Graph Tokenization for Bridging Graphs and Transformers

Source

Core Claim

Graph Tokenization proposes a reversible graph-serialization plus BPE tokenizer that turns labeled graph structure into a discrete token sequence, letting standard Transformers process graphs without graph-specific architectural modifications.

Key Contributions

  • Defines graph tokenization as a deterministic discrete-token interface rather than a neural graph encoder, pooling layer, or continuous embedding projector.
  • Combines reversible serialization with BPE so frequent graph substructures become reusable graph tokens.
  • Introduces frequency-guided Eulerian and CPP serializations to make traversal stable under graph permutation while preserving graph structure up to isomorphism.
  • Reports state-of-the-art or competitive results on 14 graph classification and regression benchmarks with standard Transformer backbones such as BERT and GTE.
  • Shows a small autoregressive proof of concept where a decoder-only Transformer generates MNIST grid graphs from token sequences.

Why It Matters For Kubernetes OTEL Control Gym

Kubernetes OTEL Control Gym needs an interface for service graph structure that can be consumed alongside observation windows, event streams, and candidate actions.
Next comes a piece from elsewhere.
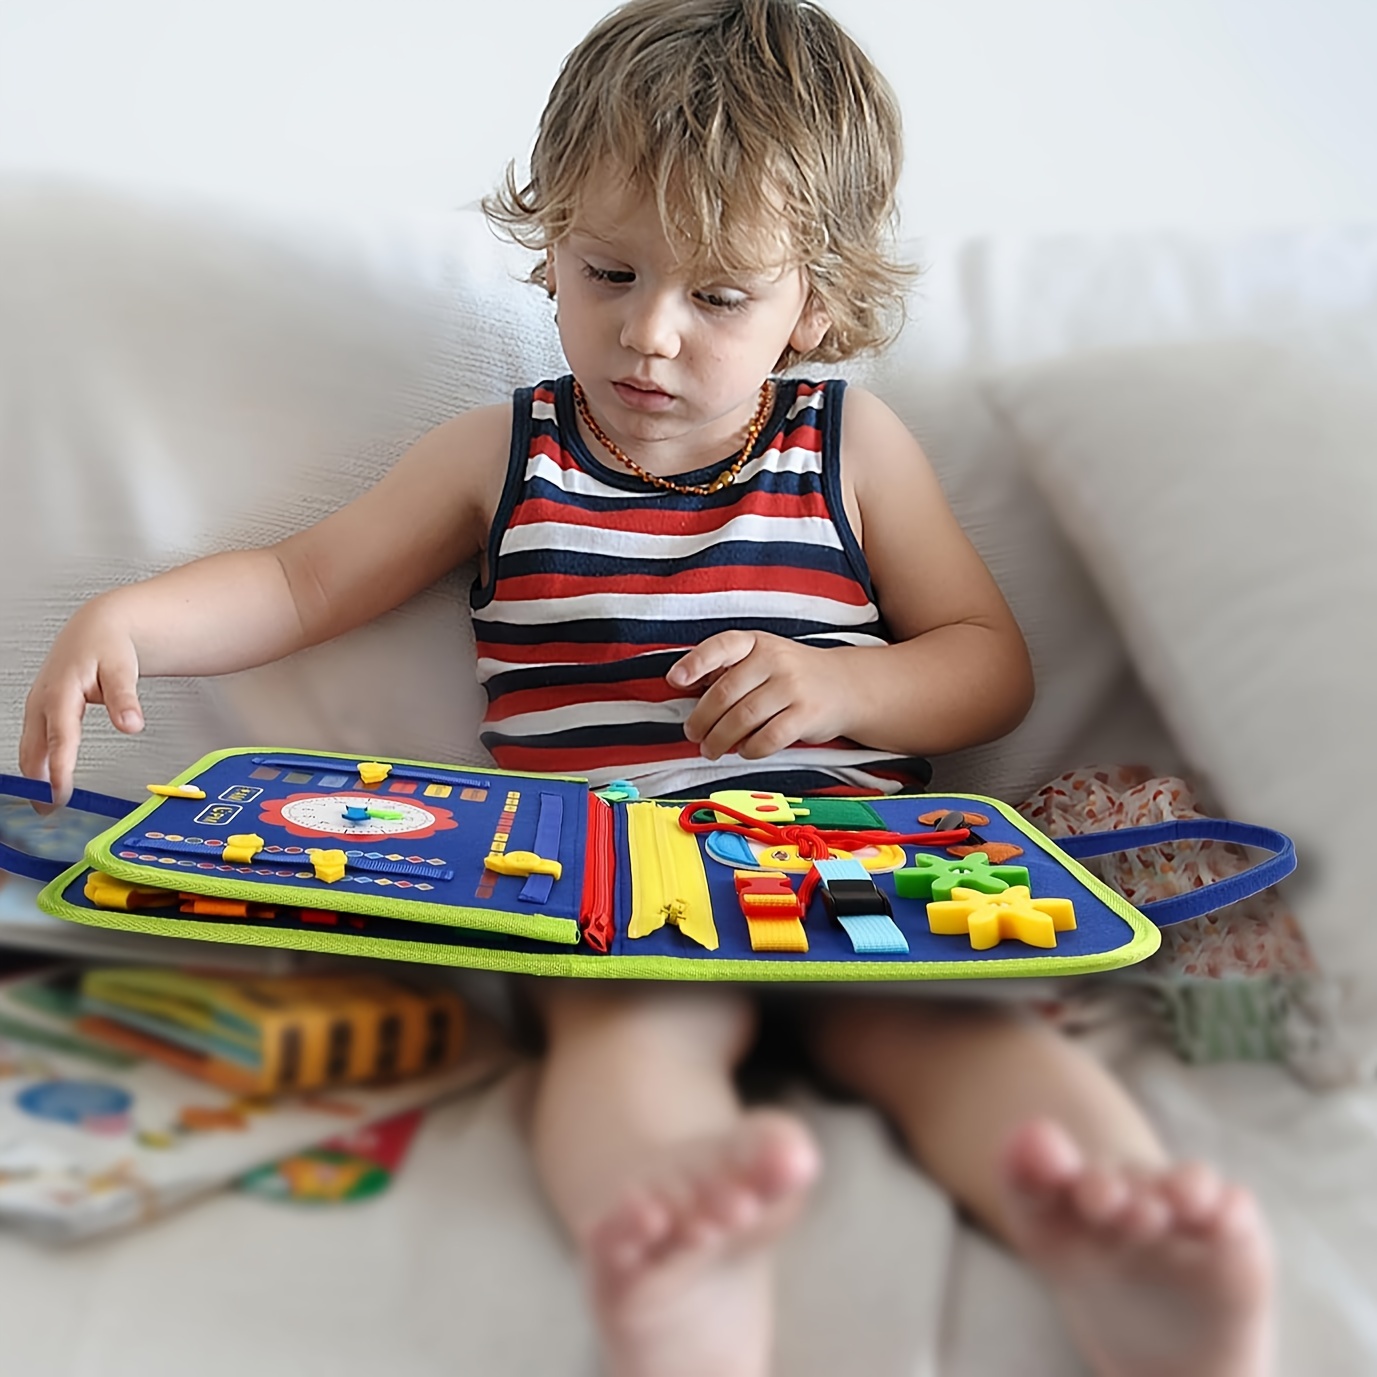 Regalo para niña de 1 a 4 años, juguete Montessori para niñas

This paper is a current SOTA candidate for representing graph structure to a standard Transformer through reversible serialization plus BPE/tokenization, without requiring a graph-specific encoder or graph Transformer block.

The useful local pattern is interface-level: graph.json or graph snapshots could be serialized into structural tokens and joined with numeric telemetry observations, action history, and control inputs. The paper does not solve the whole OTEL problem because its experiments are static graph tasks, not graph time series, and it does not model operator actions, intervention effects, or action-conditioned rollouts.

Limitations

  • The method assumes labeled graphs with discrete node and edge symbols. Continuous node or edge features need quantization, a parallel numeric channel, or another typed feature interface.
  • Evidence is mostly graph-level classification and regression. Node-level and edge-level tasks are harder because BPE can merge the target entity into a larger token.
  • The Transformer still faces context-window limits on large graphs; BPE compression helps but does not remove this constraint.
  • CPP-style serialization has cubic graph-size cost, so the practical large-graph path relies on the linear frequency-guided Eulerian variant.
  • The paper is not evidence for action-conditioned control: no action, control input, intervention, reward, or counterfactual prediction channel is evaluated.

Foundation TSFM Relevance

Agenda slotVerdictEvidenceMissing pieces
Context interfacepartially closesProvides a reversible discrete-token interface for graph structure that can condition a standard Transformer without graph-specific architectural changes.Needs integration with telemetry schema, observation windows, event streams, and action history.
Patch size, dynamic tokenization, and typed interfacesadjacentUses BPE to compress recurring graph substructures into structural tokens, reducing sequence length while preserving decodeability.Does not address numeric observations, timestamps, control inputs, or time-series patching.
Native multivariate encoding and high-channel scalingadjacentCould represent service topology or graph snapshots for graph time series.Needs continuous node/edge features, time alignment, topology changes, and high-channel telemetry tests.
Control and counterfactualsinsufficient evidenceThe method can encode graph context but does not condition future observations on actions.Needs observation + graph + action/control input -> future/reward experiments.

Open Questions

  • Can graph tokenization be made stable for changing service graphs where nodes, edges, and telemetry schemas evolve over time?
  • Should continuous node and edge features be quantized into graph tokens, encoded through typed numeric features, or kept as a parallel observation channel?
  • Does a BPE vocabulary learned from one service graph or organization transfer to another, or does it overfit to local topology motifs?
  • How should graph tokens be interleaved with observation windows, action history, control inputs, and event streams in an action-conditioned world model?